> _Aim of the task_: With the images removed, return every line below exactly as it reads.
--- Data segment Enclosed Below ---
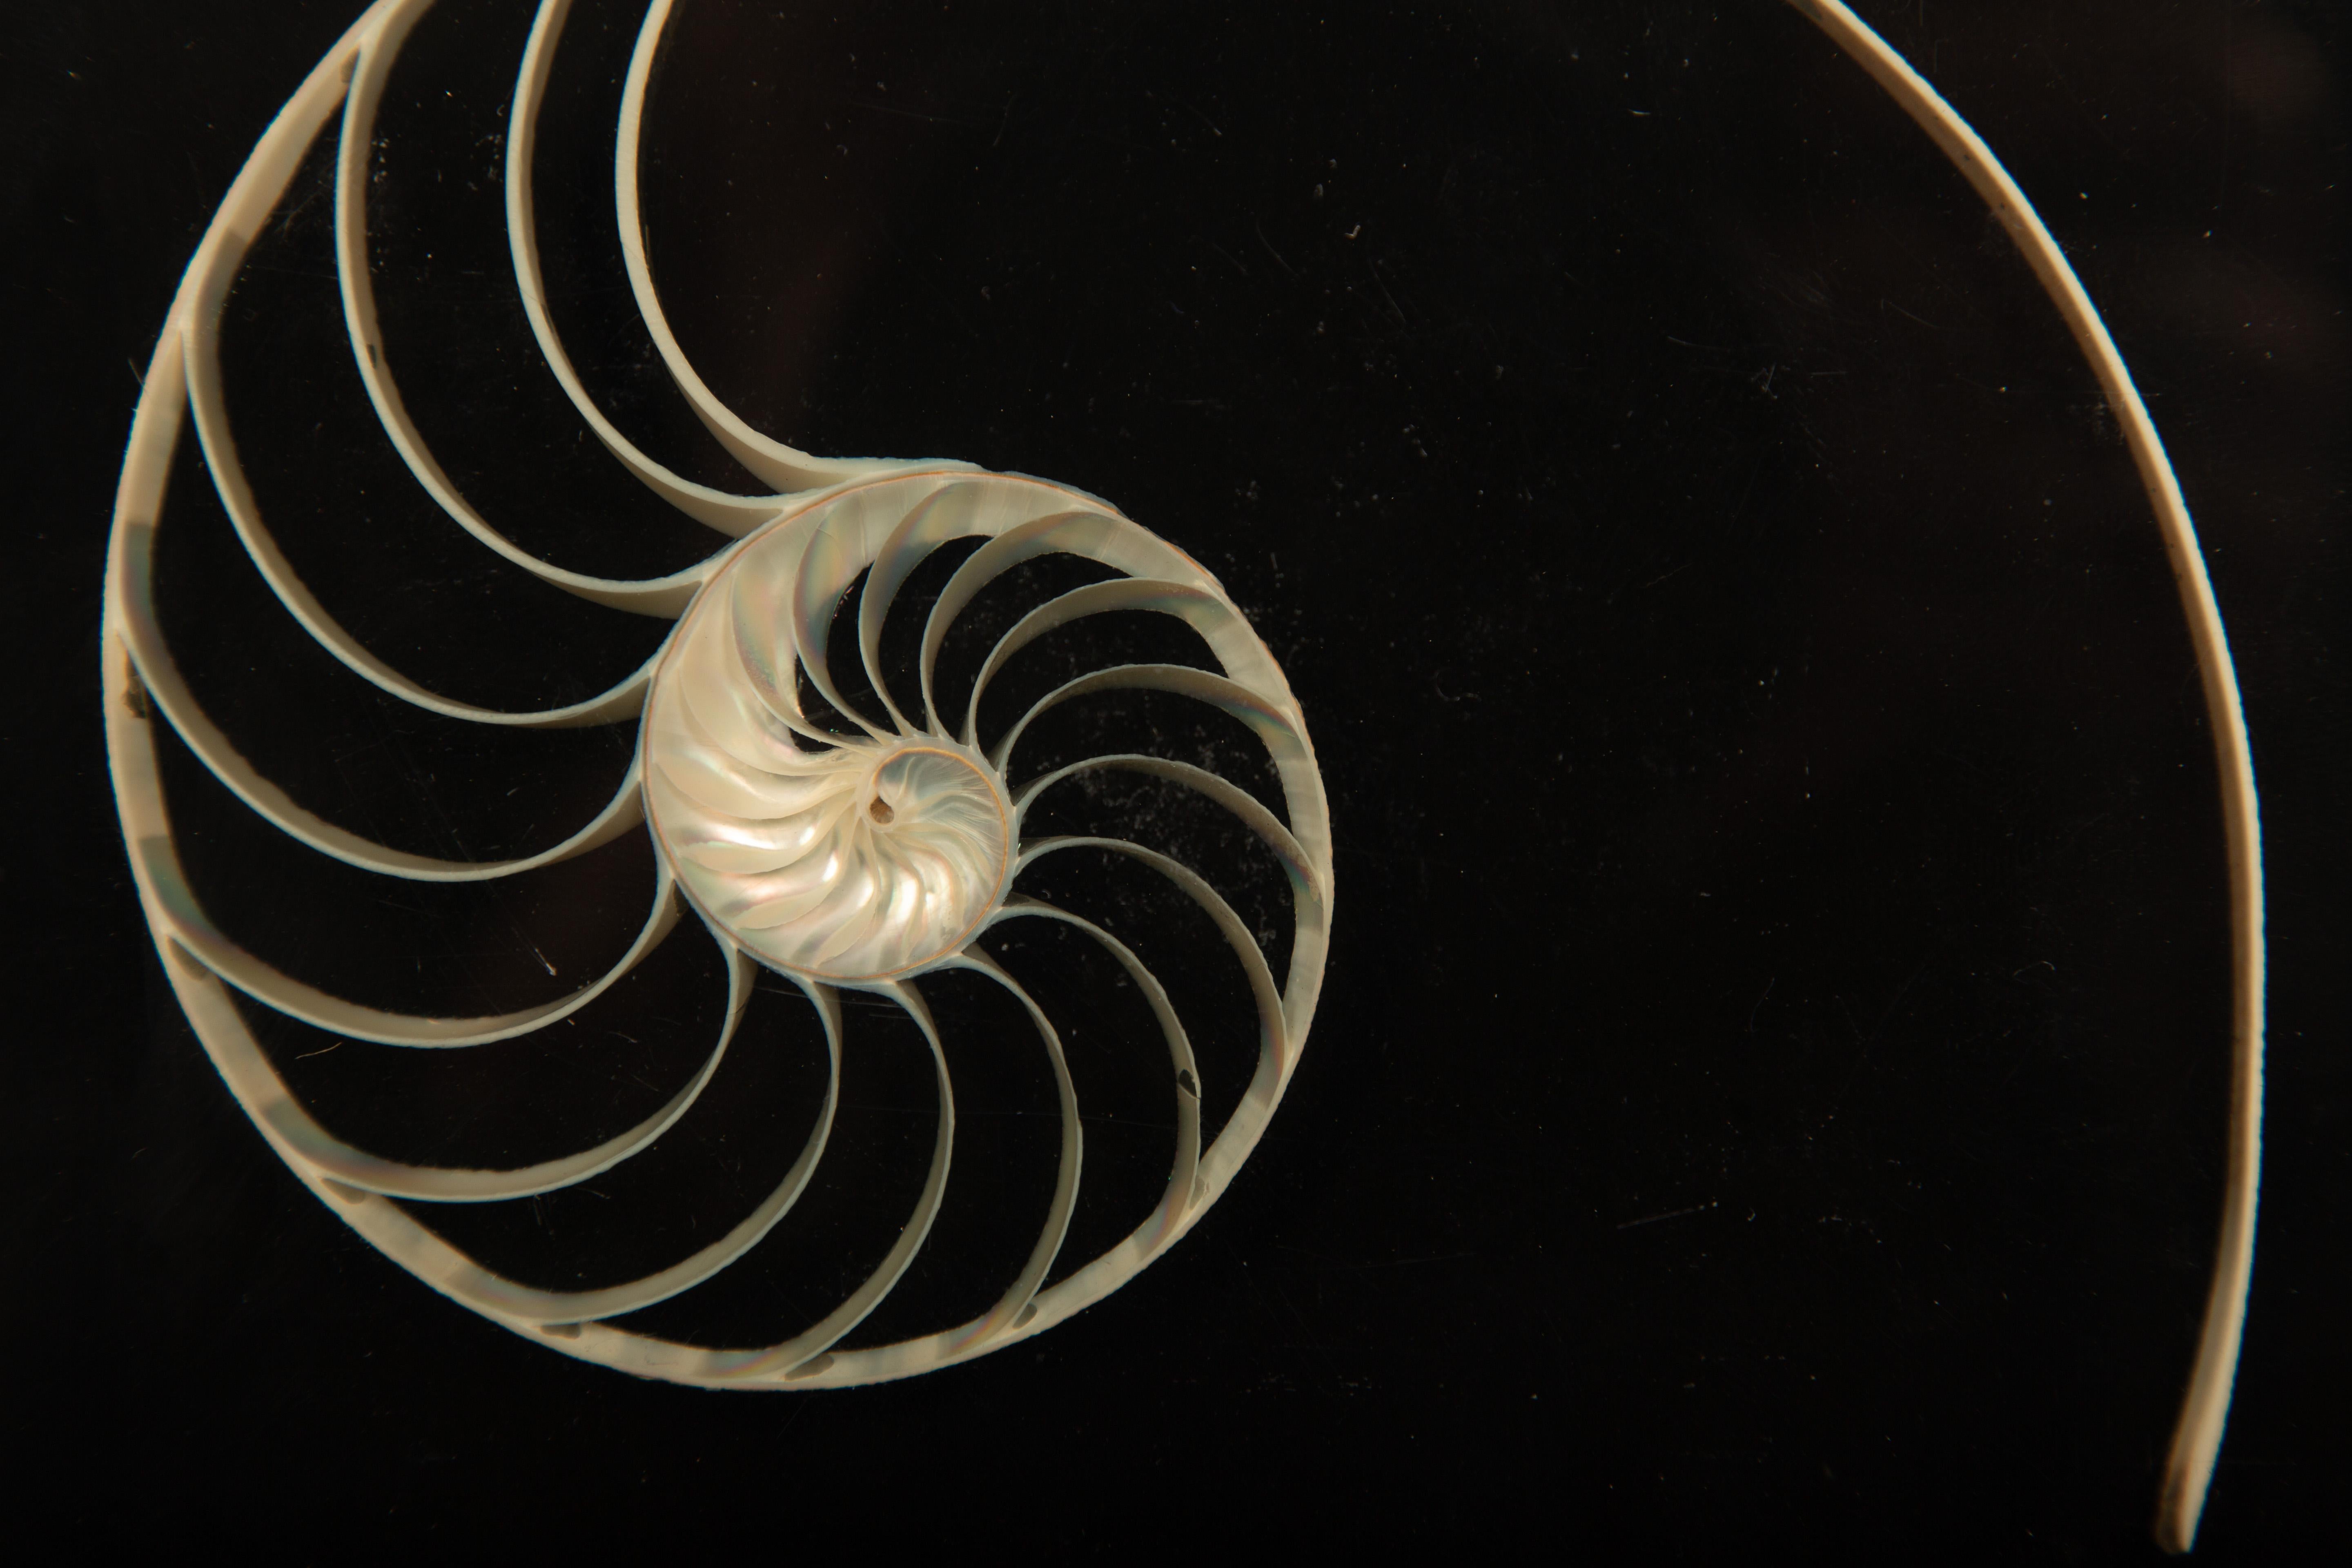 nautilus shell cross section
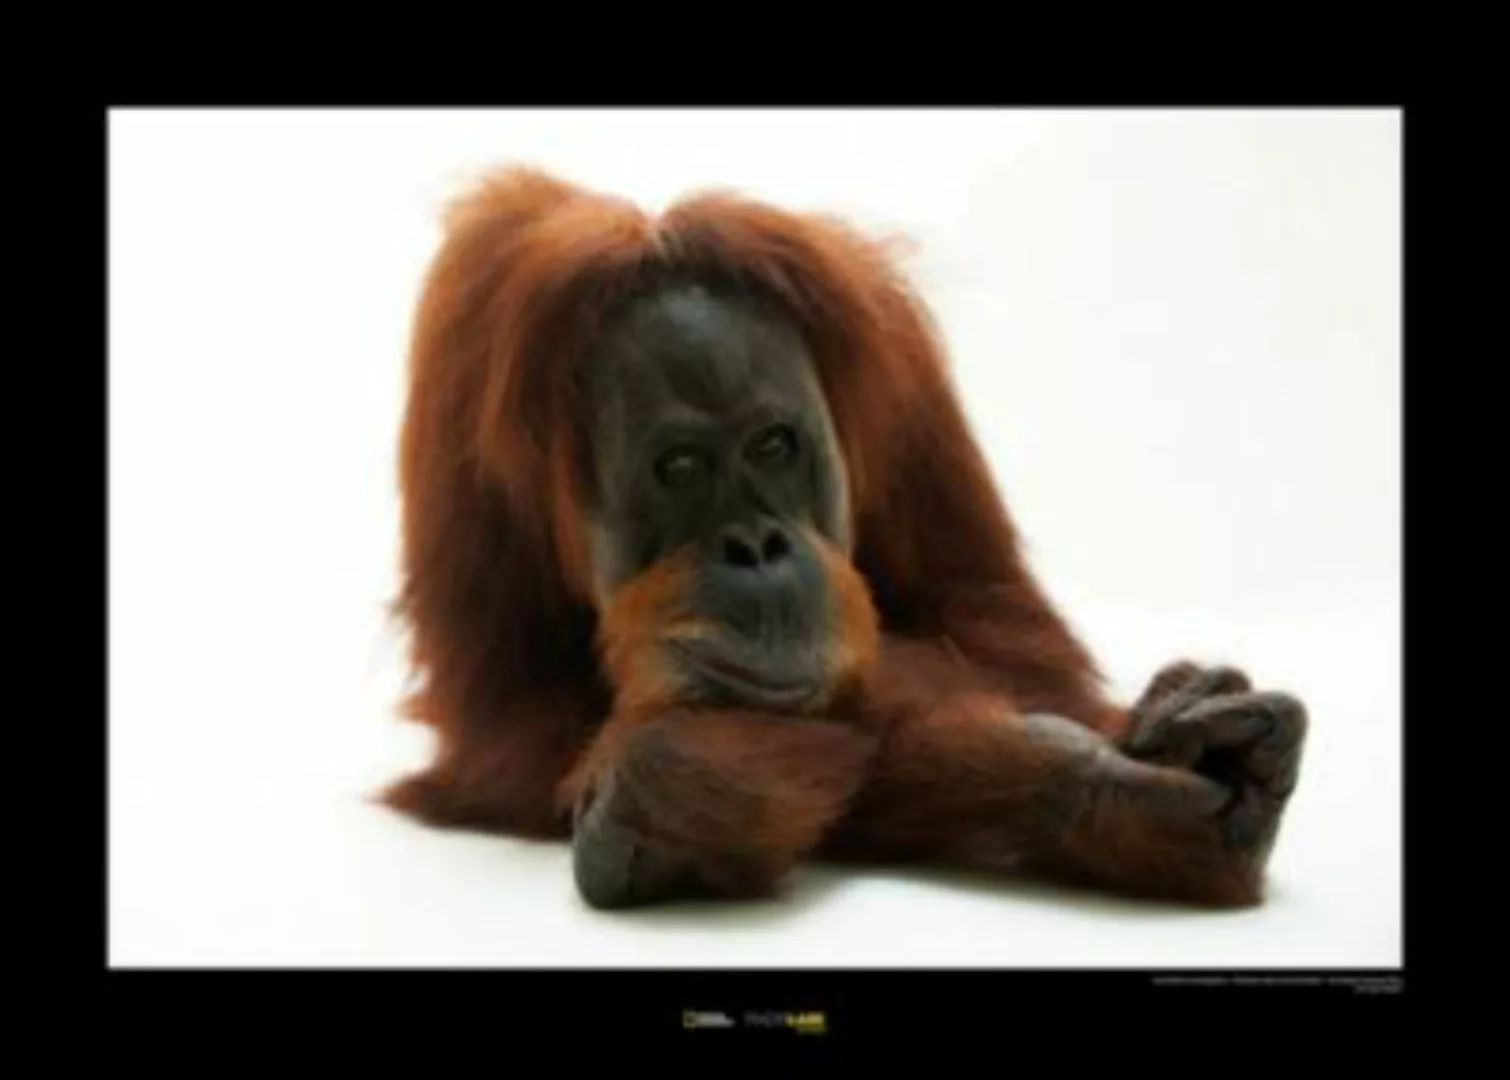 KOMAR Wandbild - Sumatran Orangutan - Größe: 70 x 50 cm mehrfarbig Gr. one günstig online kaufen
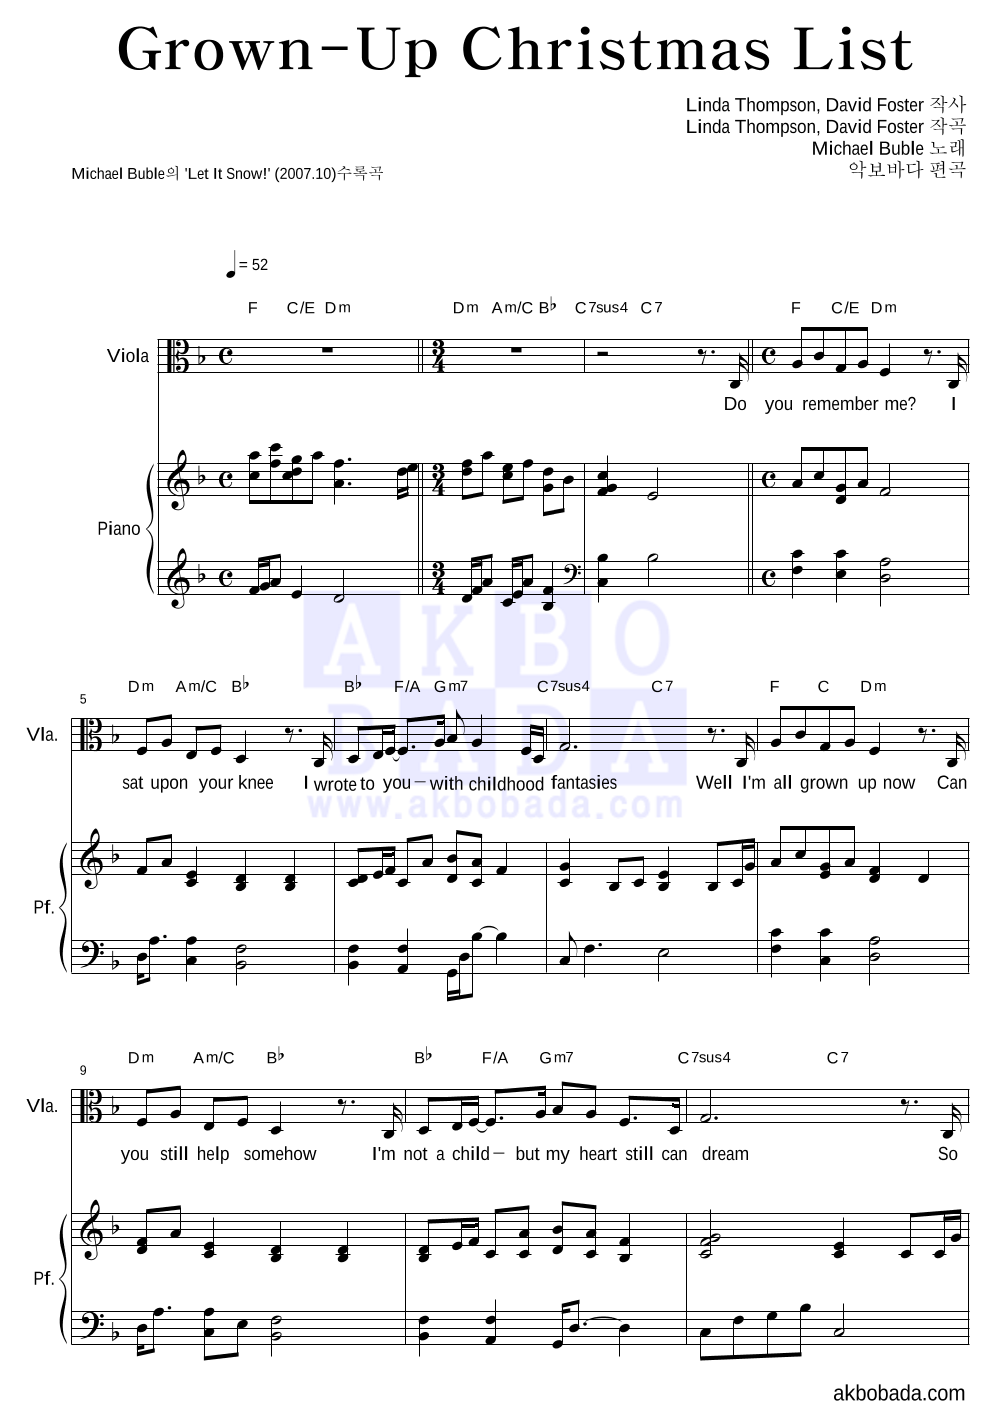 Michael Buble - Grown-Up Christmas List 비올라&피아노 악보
--- End of Enclosed Data segment ---
> _Task result_:
 nautilus shell cross section
 KOMAR Wandbild - Sumatran Orangutan - Größe: 70 x 50 cm mehrfarbig Gr. one günstig online kaufen
 Michael Buble - Grown-Up Christmas List 비올라&피아노 악보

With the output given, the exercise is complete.